Я была непримирима. Кер меня оскорбил. Ну и скатертью дорога.

Так мы и злились целый день. Вечером вернулся отец, рассказал, как все удачно придумали для малышей, как там все рассчитано по их росту, а температура, влажность и так далее вычислены по оптимальным параметрам.

— А как они его встретили? — спросила бабушка.

— Кто?

— Ну, остальные малыши.

— Как? — отец пожал плечами. — Спокойно. Равнодушно встретили. И не пытайся, мама, прилагать к ним наши эмоции. Взглянули на него и занялись своими делами…

А той же ночью произошло чрезвычайное происшествие. Трое из шестерых малышей удрали из своего нового дома, проявив при этом большую сообразительность. Нас предупредили, потому что Кер мог вернуться и домой. Но он не вернулся. Их всех поймали у космодрома, как они умудрились добраться до него — непостижимо. За ночь они прошли шестьдесят километров. А ведь они еще дети.

Беглецов вернули на базу, объяснили им в который раз, что никто, к сожалению, не знает, в какой стороне находится их дом, они, в который раз, не обратили никакого внимания на эти слова и уговоры. Будто не слышали.

Потом прошло три или четыре дня без всяких происшествий. Это не значит, что мы забыли о Кере, нет, все-таки в доме оставалось множество следов его разрушительной деятельности — и утром четвертого дня, когда я поднялась за чем-то в ту комнату, где раньше жил Кер, а теперь отец решил сделать мастерскую, Кер мирно спал на верстаке, подложив под голову мешок со своими богатствами.

— Ах! — сказала я. И очень обрадовалась.

Он открыл глазищи и показал мне кулачок. Молчи, мол.

— Ни в коем случае, — сказала я. — Ты же рецидивист. Все хотят сделать для тебя как лучше, а ты всем делаешь как хуже.

Кер изобразил полное отчаяние, уткнулся носом в мешок, но я продолжала:

— Сейчас тебе придется отправляться обратно на базу, где живут твои товарищи, потому что из-за тебя беспокоятся люди…
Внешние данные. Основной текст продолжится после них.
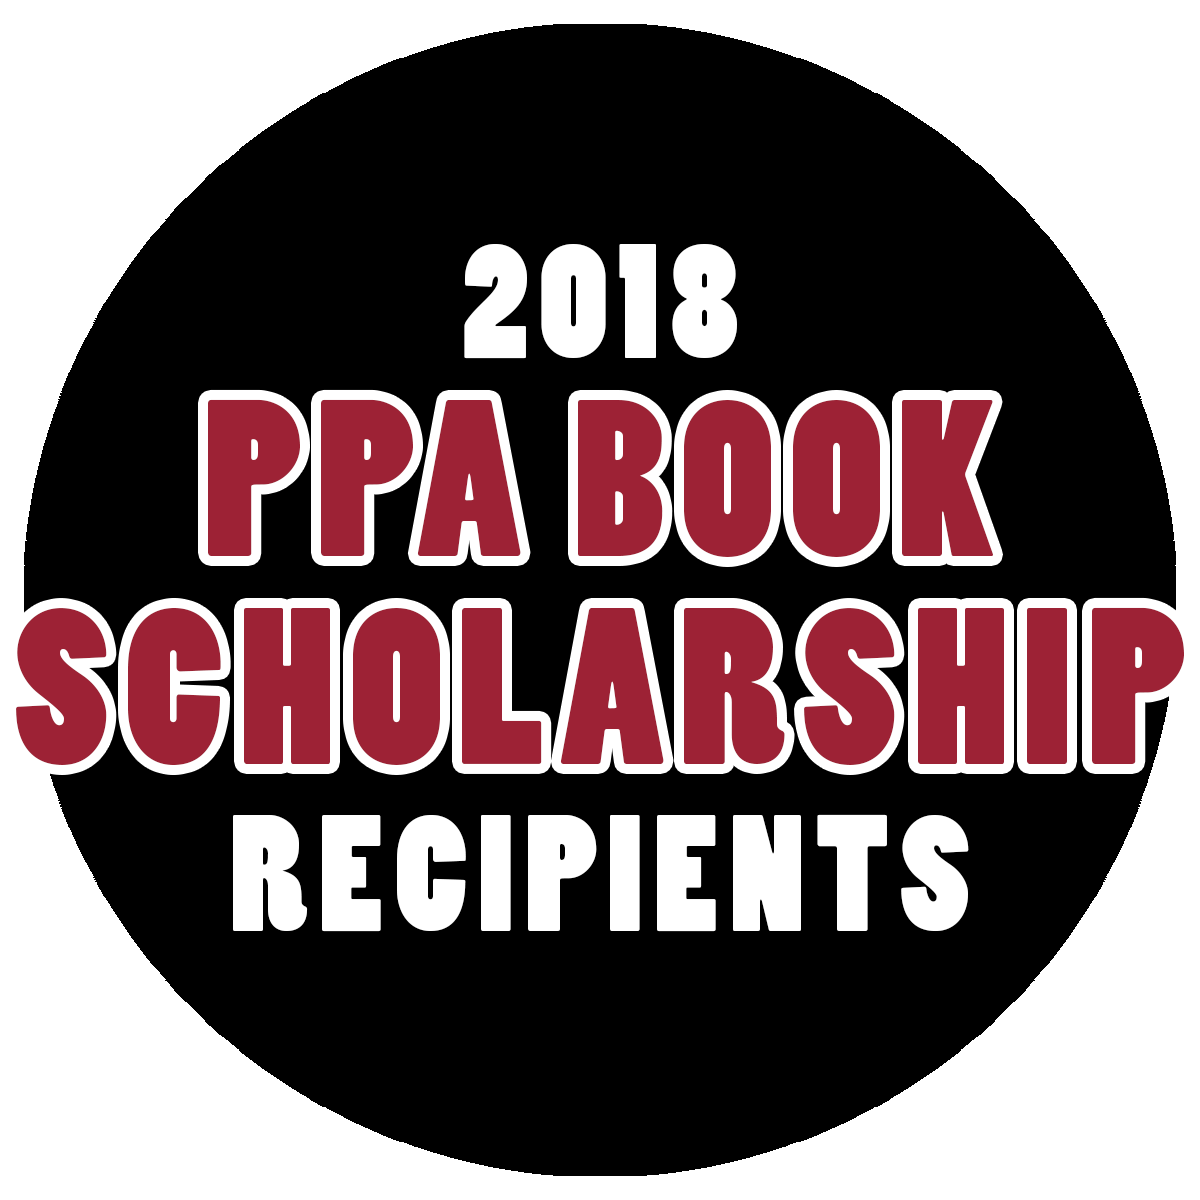 PPA Book Scholarship Recipients
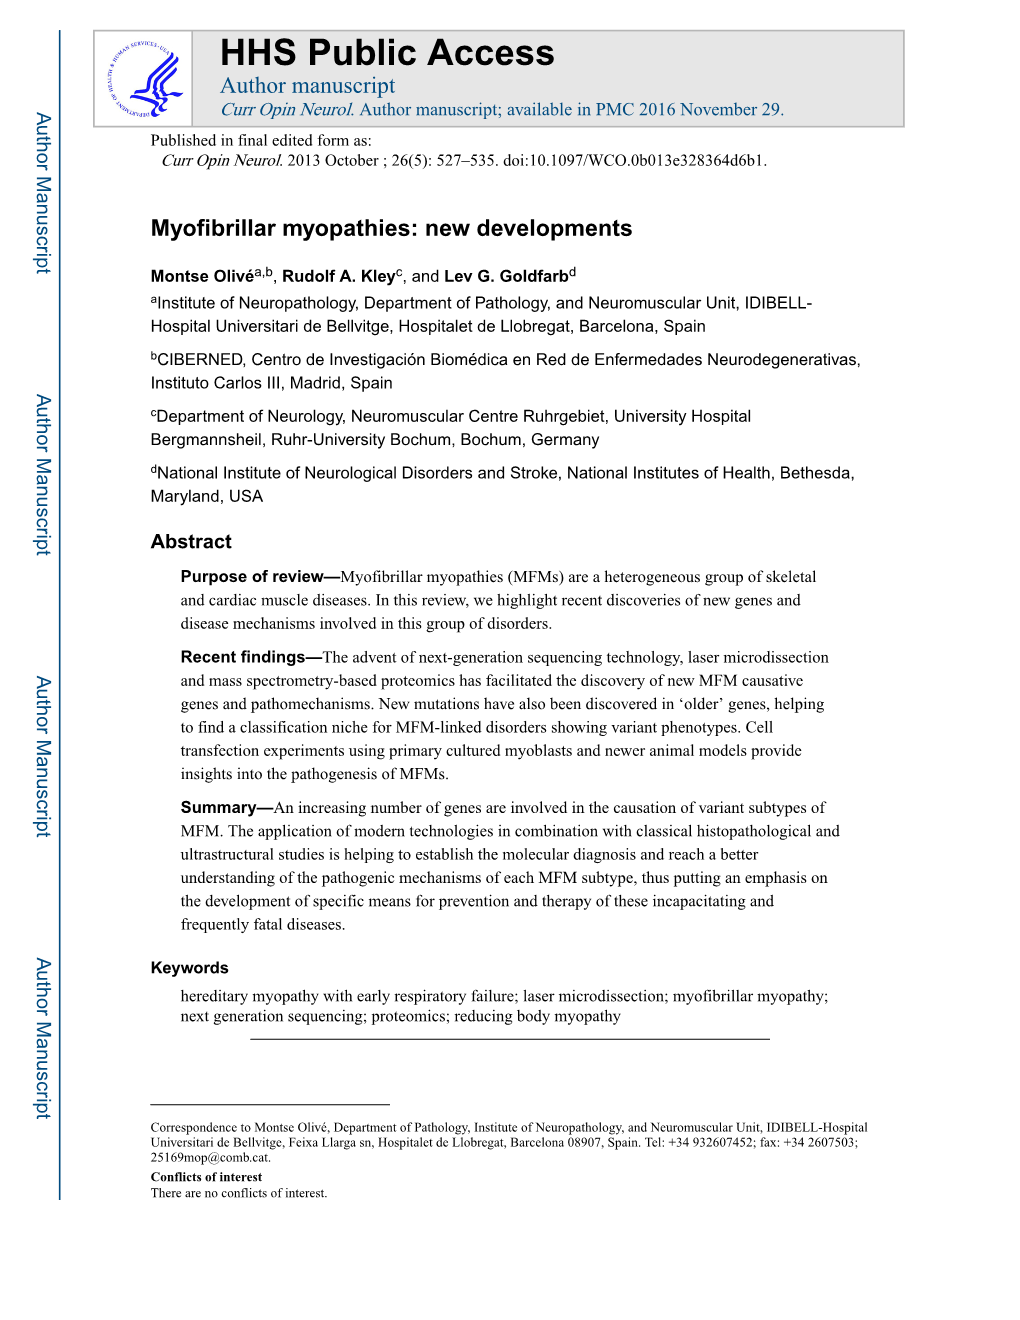 Myofibrillar Myopathies: New Developments

Не знаю, что меня тянуло за язык. Может, когда ему сказали, что нужно уезжать, он слишком быстро собрал свой мешок и уж очень хотел скорей убраться отсюда?

Тут Кер сиганул в открытое окно, и, когда я, спохватившись, что же я делаю, бросилась за ним, его и след простыл.

На шум поднялась бабушка, которую мучили предчувствия, а там прибежала и мама, потому что уже позвонили с базы и сказали, что Кер и еще один малыш, который тоже жил недалеко от Москвы, снова сбежали.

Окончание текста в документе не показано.